First, I debated whether to put this on stack exchange or here, but it seems like it is a tech question that suits this site fine.

Background
I have a room with a 115 V, 6000 BTU window AC unit plugged into one outlet. Then a bunch of electronics (~800 W measured) plugged into a 1500 VA, 900 W UPS plugged in to a second outlet across the room. Finally, I have two 50 W strands of Christmas lights in series (100 W total) I tried to plug into various outlets around the room.

Problem
The first problem is that whenever the room gets too hot, the compressor for the AC unit turns on and the Christmas lights will all flicker. This is not just an annoyance, because the first strand of lights I had in the room actually got burned out one by one, starting at the light closest to the wall outlet.

So I got another strand and was surprised to see the flickering happens even if they are plugged into the UPS (which does have an internal automatic voltage regulator). This made me concerned for the electronics plugged into the UPS, which includes a PC and monitors. However, I do not notice any flicker on the monitor when the compressor turns on. On the other hand, I have been getting some strange pc crashes lately (which would make some sense because only recently did it cool enough for the AC to not be running constantly) that may be related.

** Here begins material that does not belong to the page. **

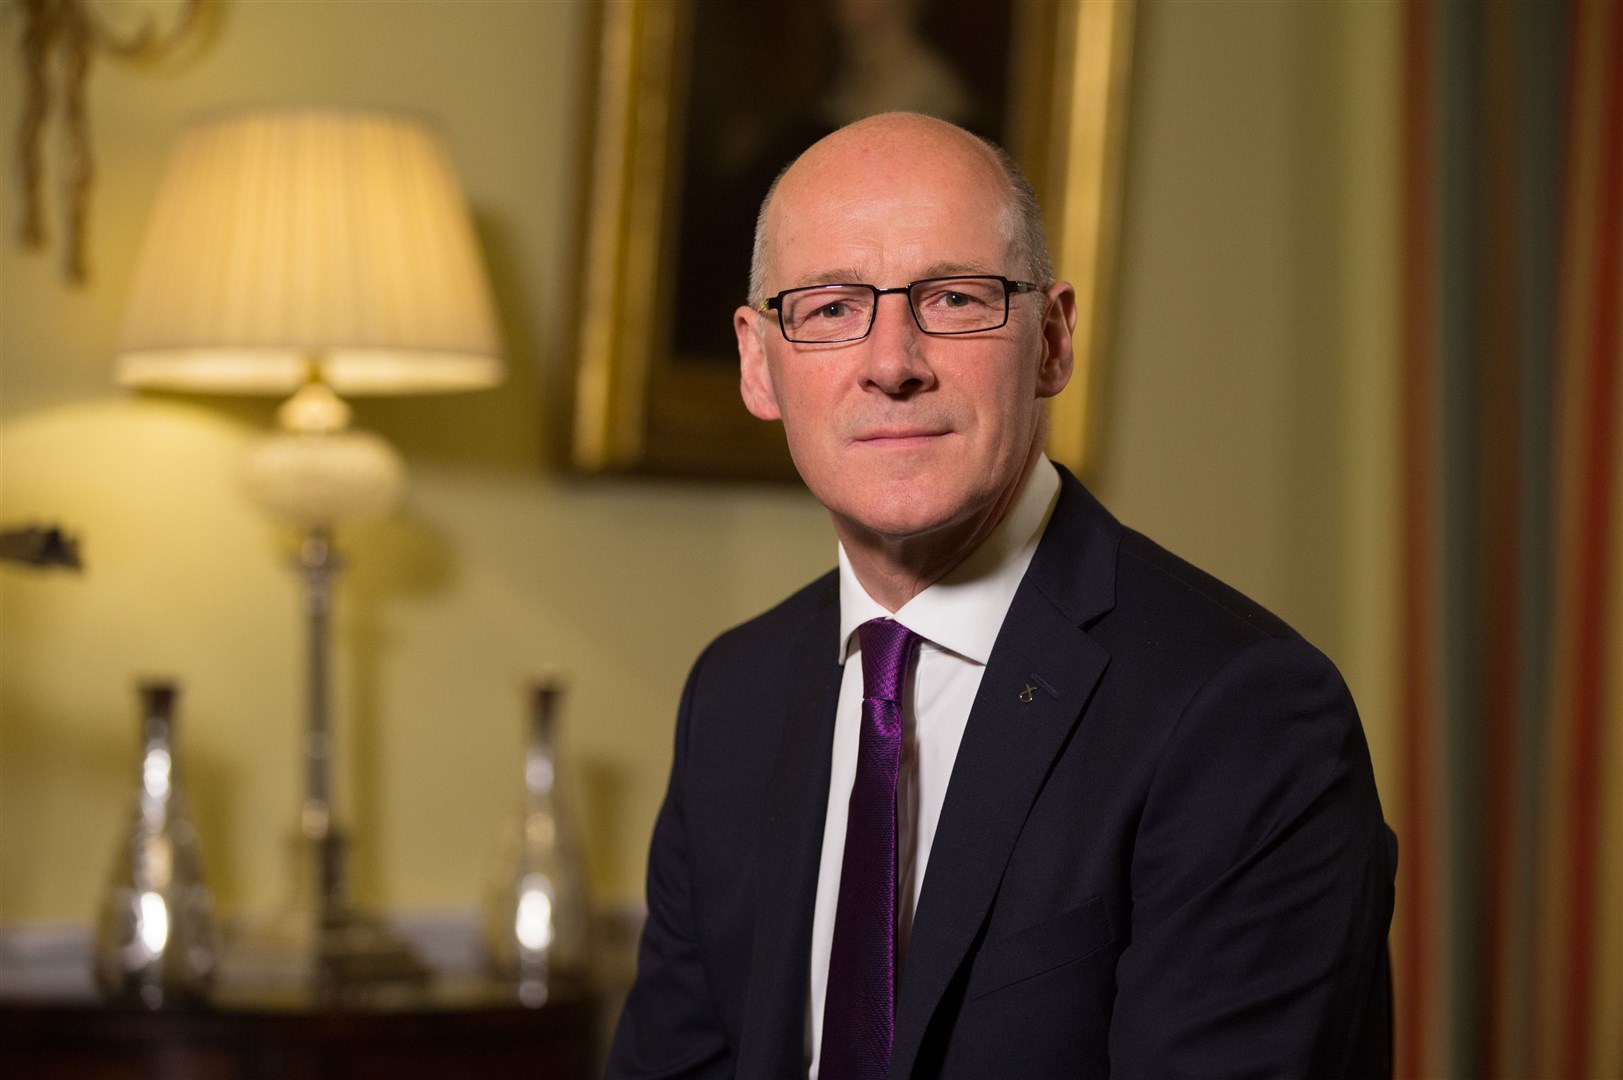 John Swinney has been elected as the new leader of the SNP.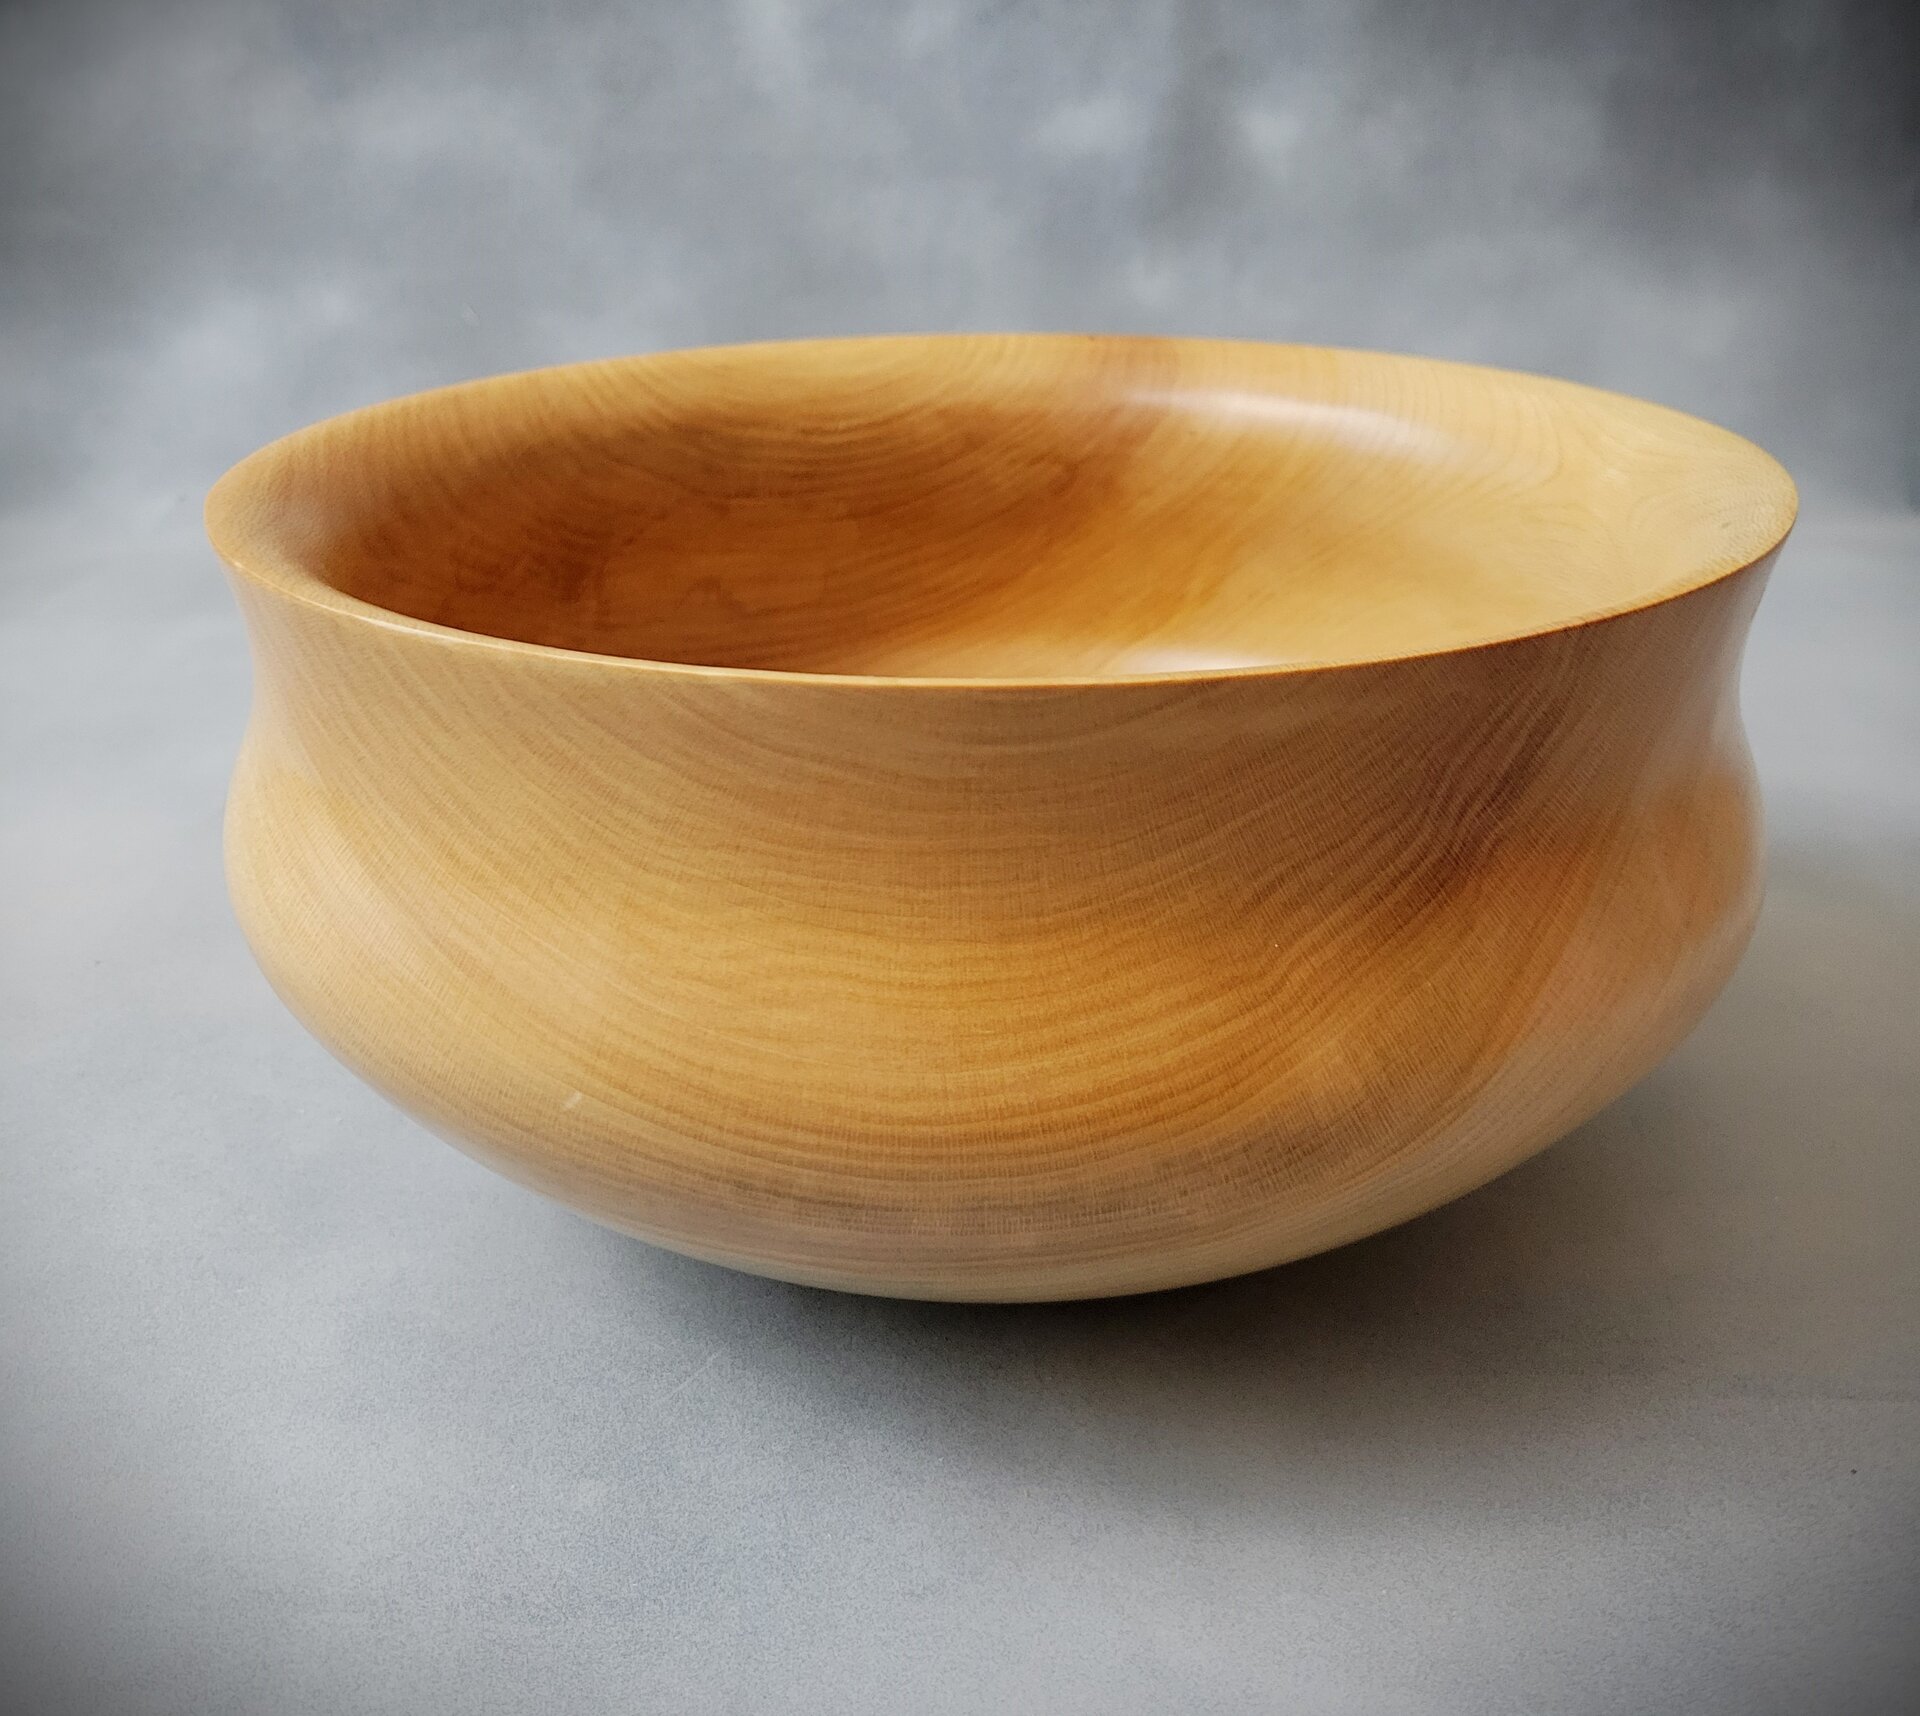 Sycamore necked bowl

This could also be due to installing a second gpu recently, etc though.

Questions
I have two main questions:

1) What is the best way to stop the flickering?
2) If the lights are flickering even when plugged into the UPS, should I also be concerned about the other electronics that are obviously also experiencing a momentary power reduction?

Some secondary questions:

3) Does it make sense to put another AVR between the UPS and the wall, eg something like this?

4) Is there something I can put between the AC unit and the wall to help?

5) This is a rental so I would prefer not to do any maintenance on the AC unit, but is this an issue you would report to the landlord?

Any ideas?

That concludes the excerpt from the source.